All posts by michtsang

Congee (rice porridge: 白粥) with pork and salted egg


Congee

Congee

Congee

Congee

(mum’s version always has dried scallops for added sweetness)

Congee

Congee

Congee and fried dough. 白粥油炸鬼

The story behind this dish speaks to one of the foundational dishes of the Chinese culture, which is my heritage.

Congee (pronounced as ‘jook’ in Cantonese), is jasmine rice boiled down till soft, much like porridge. There used to be a shop selling congee at every Hong Kong street, and the good ones will have queues from early in the morning.

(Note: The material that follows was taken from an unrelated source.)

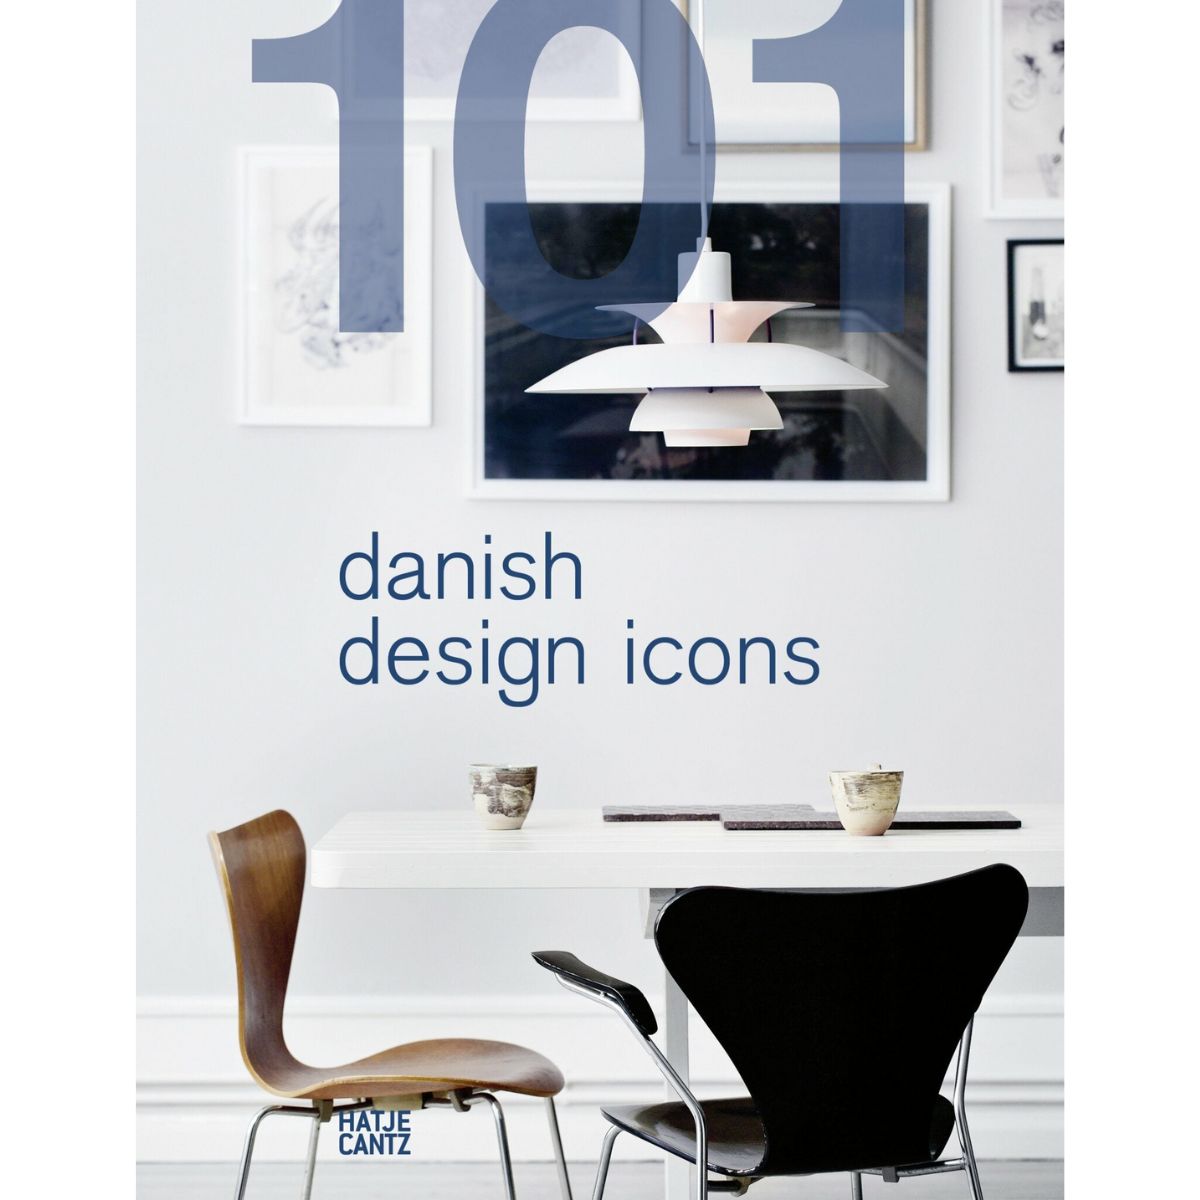 Hintsdeco Books Βιβλίο Τέχνης Βιβλίο Τέχνης 101 Danish Design Icons Μπλε/Άσπρο 20,5×3×26,5 cm Hintsdeco

A good Hong Kong style congee can be described as creamy with a consistency similar to a thick soup. It should neither be runny or gloopy. There is a good amount of water, yet it isn’t watery. The grains should have broken down and not be wholly visible.

This can be eaten as any meal of the day, and is our go-to when we feel under the weather or needing a bit of a detox after big meals.

The variation to the congee is in the food you add to it. Mince, chicken, squid, dried scallops, fish and fried dough… Whatever you like.

My favourite is a very simple salted pork shoulder. The pork shoulder is marinated with a generous amount of salt and Chinese wine and this is cooked in the rice congee. When it’s done, the meat is pulled apart and eaten with condiments all mixed in with the congee.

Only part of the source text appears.